Thank you Liss. FTR. the patch is merged to upstream 5.16-rc6, should be soon in stable 5.15.5
This message is a reminder that Fedora Linux 34 is nearing its end of life. Fedora will stop maintaining and issuing updates for Fedora Linux 34 on 2022-06-07. It is Fedora's policy to close all bug reports from releases that are no longer maintained.

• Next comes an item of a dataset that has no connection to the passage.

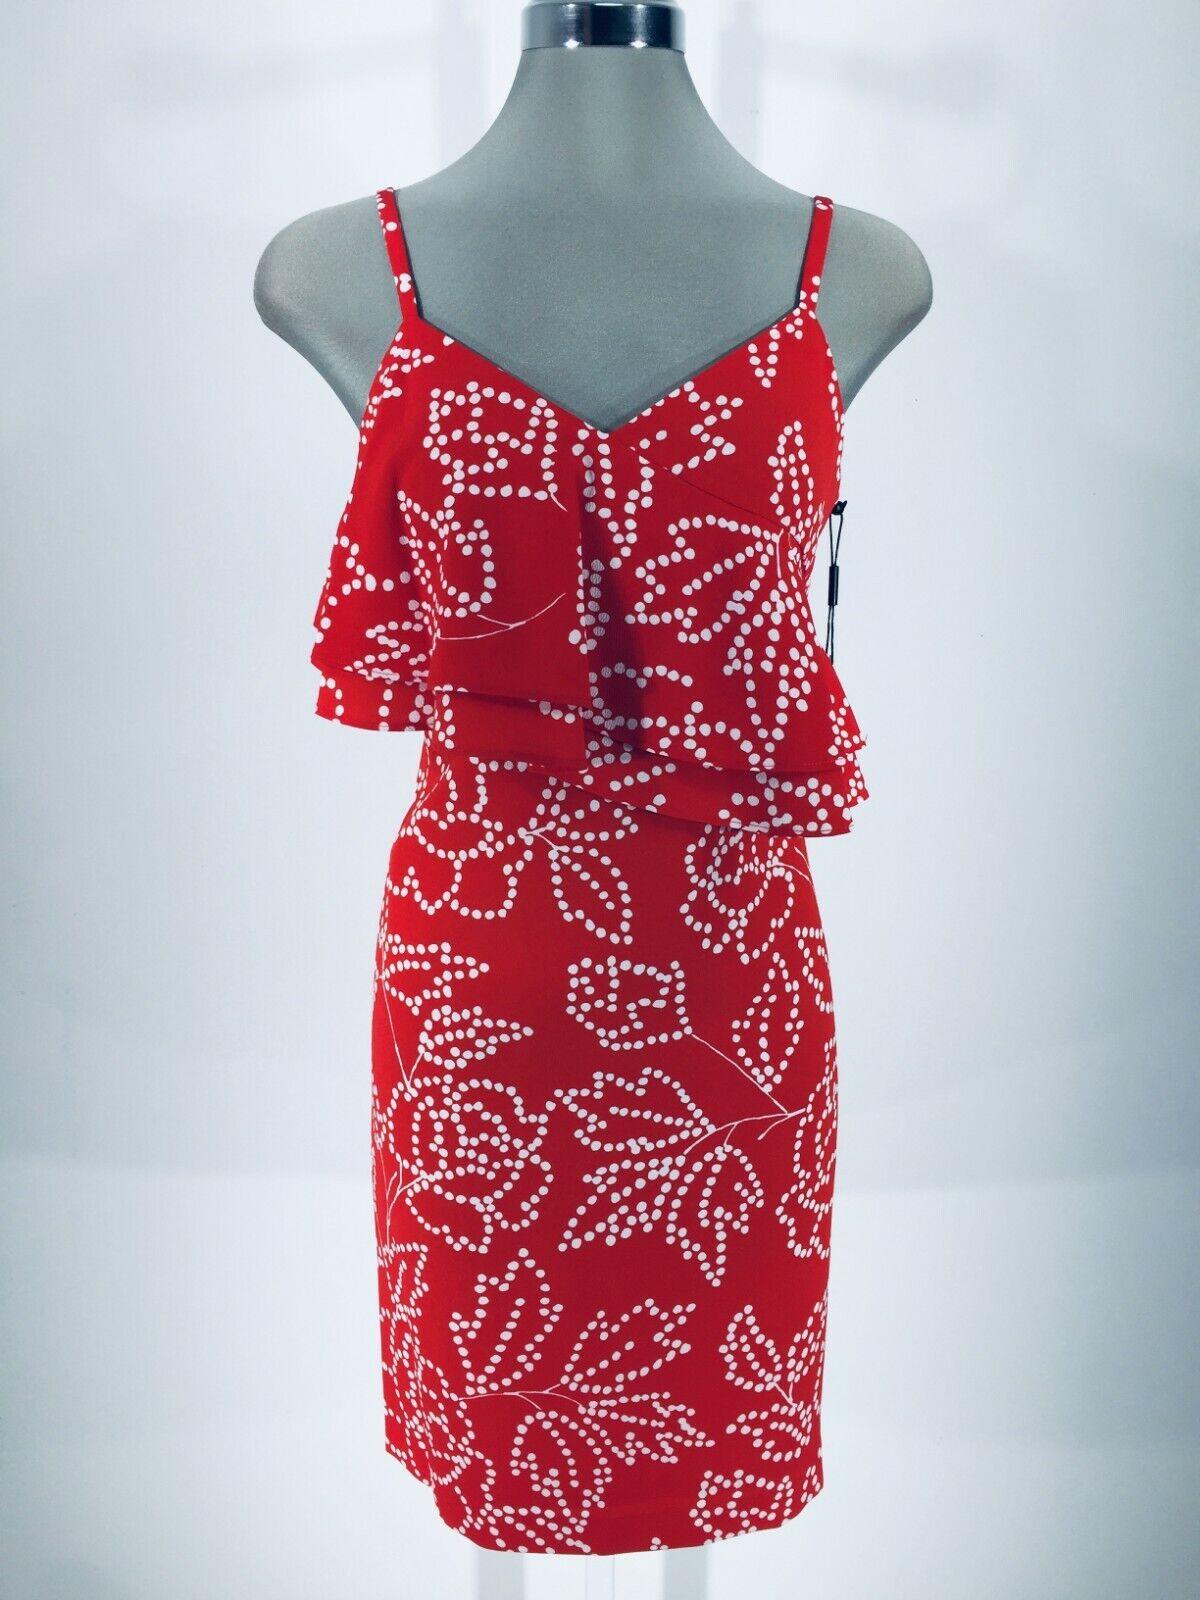 92735e2c8ccce2 Karl Lagerfeld Paris Neu Wt Feuerrot Spaghettiträger Kleid Größe 0,2,4,6
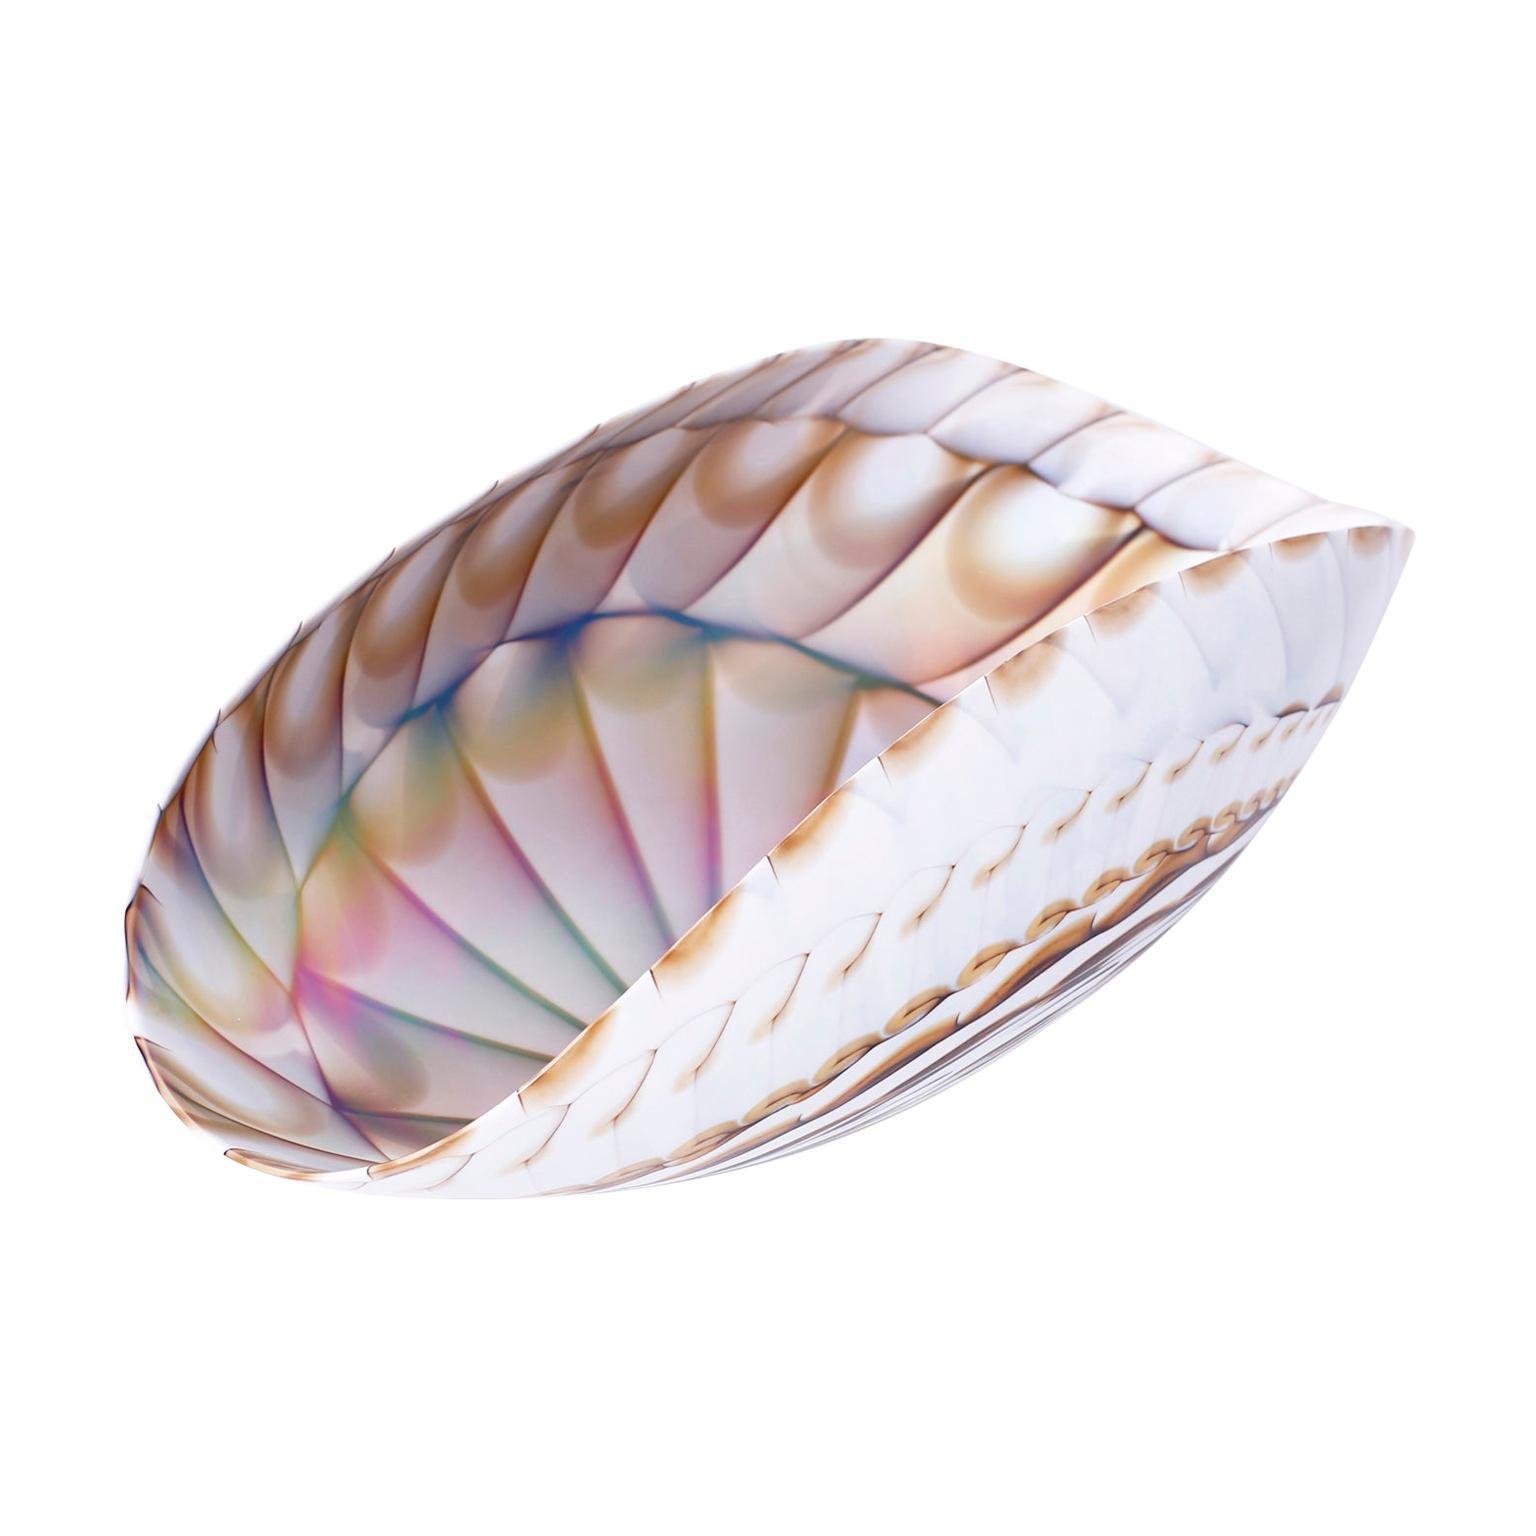 Midcentury Murano Glass Sea Shell Bowl by Furnace Ferro

At that time this bug will be closed as EOL if it remains open with a 'version' of '34'. Package Maintainer: If you wish for this bug to remain open because you plan to fix it in a currently maintained version, change the 'version' to a later Fedora Linux version. Thank you for reporting this issue and we are sorry that we were not able to fix it before Fedora Linux 34 is end of life. If you would still like to see this bug fixed and are able to reproduce it against a later version of Fedora Linux, you are encouraged to change the 'version' to a later version prior to this bug being closed.
Fedora Linux 34 entered end-of-life (EOL) status on 2022-06-07. Fedora Linux 34 is no longer maintained, which means that it will not receive any further security or bug fix updates. As a result we are closing this bug. If you can reproduce this bug against a currently maintained version of Fedora please feel free to reopen this bug against that version. If you are unable to reopen this bug, please file a new report against the current release. Thank you for reporting this bug and we are sorry it could not be fixed.